The mathar orna also protects her hair from heat and dust, and she believes it also helped with her fall. Fakera Zaman, 32 years old, has three other sisters and all of them have worn the mathar orna all their lives. Juthi Rahman, 33 years old, wears the mathar orna when she meets strangers at home and when she goes out.

She is also adored by her in-laws who endearingly call her 'bou', and she believes that wearing the mathar orna has enabled her to achieve all this. Many Muslim women from Bangladesh who have not worn the mathar orna all their lives somehow feel obliged to don it after they get married. It is true that some conservative families require their newlywed daughters-in-law to wear the mathar orna as a symbol of respect and honor of bridal status.

Women who wear the mathar orna to maintain this authority are well aware of the position they hold and they use it to their full advantage. We choose to wear the mathar orna in front of whoever we think is appropriate.

Counter-Arguments…

Honestly, women should stop doing this kind of thing so that people understand that Bengali women take their traditions and their religion very seriously.” Another thing that many Bangladeshi women suffer from is a kind of psychologically imposed veil. Since I was a young girl, I have witnessed this tendency among my nieces and friends to reach for a scarf or orna when they felt it was only appropriate to cover their heads when in the presence of other veiled women were or during azaan.

What is really surprising is that all the time I had felt such inclinations to reach for my chair it was because I wanted to fit in and not seem to lack religious etiquette and modesty . Although I am a practicing Muslim, I do not feel that my piety and modesty are necessarily tied to whether or not I veil.

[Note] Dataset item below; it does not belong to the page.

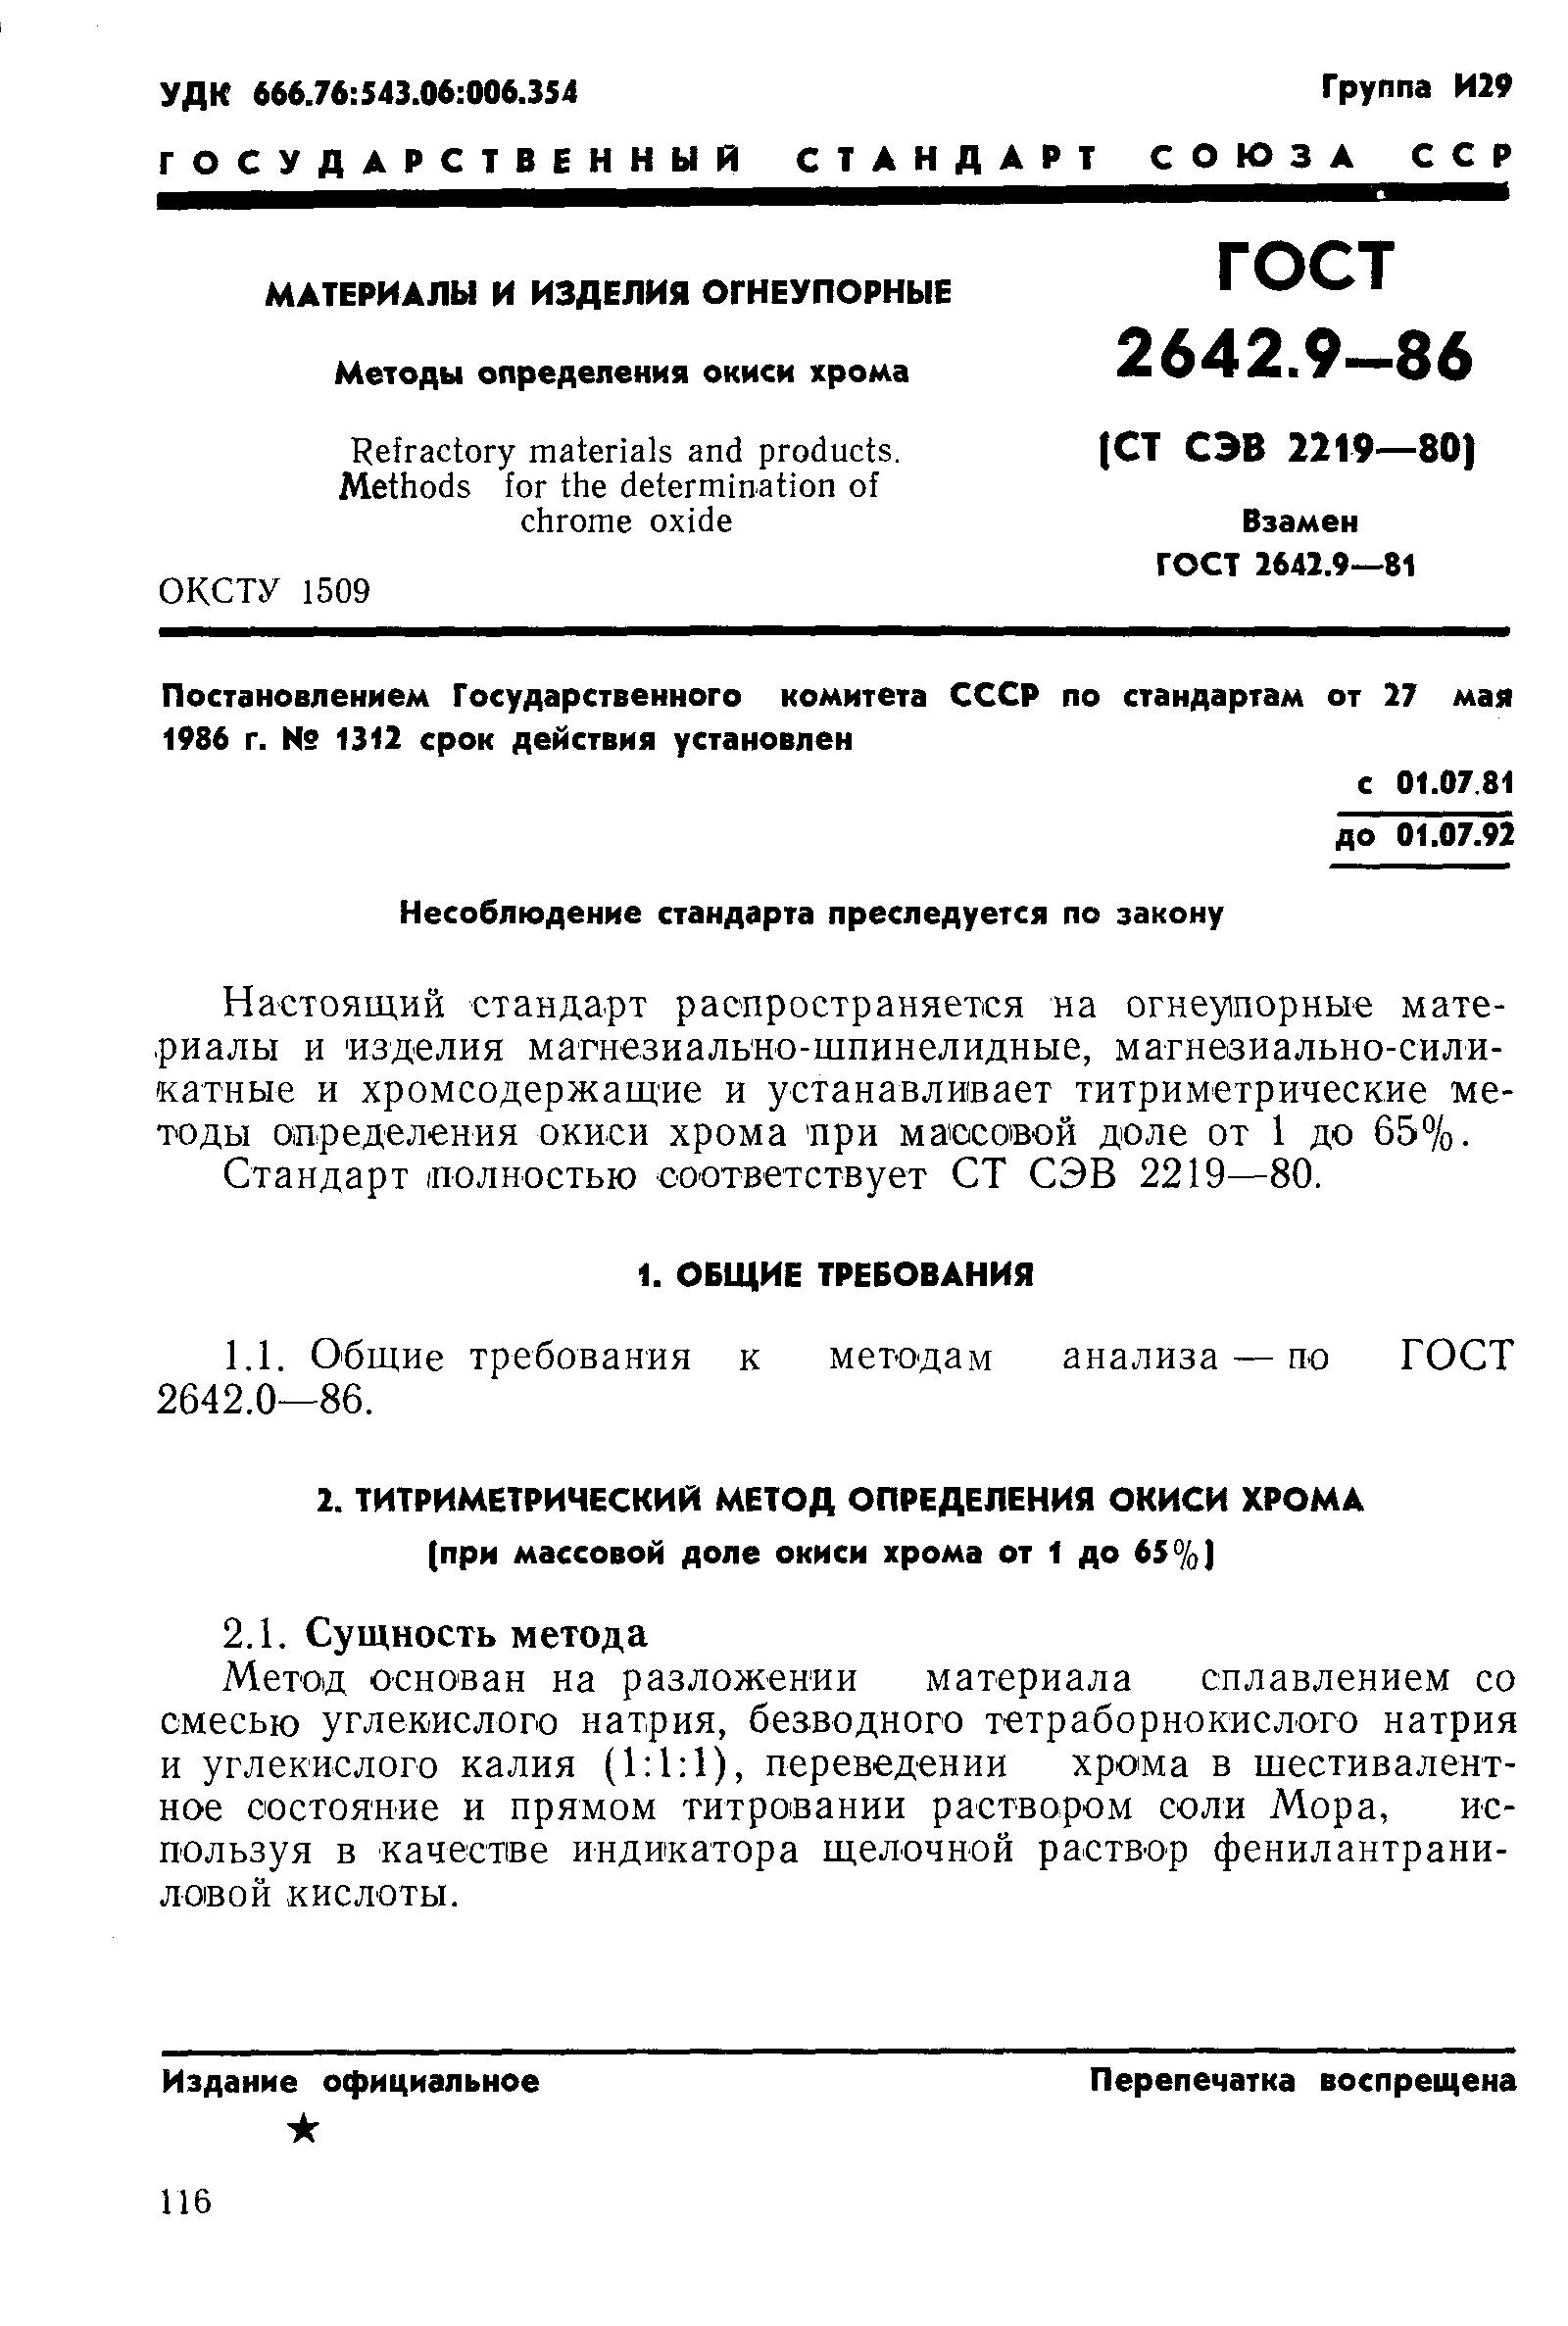 ГОСТ 2642.9-86. Страница 1

In this sense, then, veiling acts as a means of oppression to some extent, adding to already misunderstood ideas about the veil.

Despite these difficulties, more and more Bangladeshi women, even younger ones, have adopted some form of veil, especially the mathar orna, once they have realized the level of mobility, flexibility and convenience it offers, in addition to being a marker and even be a practitioner. of modesty and piety. For most of them it is an encouraging and reassuring fact that they have perfect control over their own lives and veil because they want it, and not because someone else wants it for them.

Limitations of the study…

Conclusion

Seeking security, safety and spirituality: religious conditioning and everyday aspirations among female university students in Bangladesh. Do you wear it regularly, or are there specific circumstances under which you wear it? Do you feel completely comfortable wearing it, or do you feel like there is some kind of pressure when wearing it?

Many people think that wearing the mathar orna is deeply connected with Islamic spirituality and piety. Because you are a Muslim, you believe it is your duty to wear the mathar orna. How would you characterize the way veiling has changed in your family over the course of these four generations?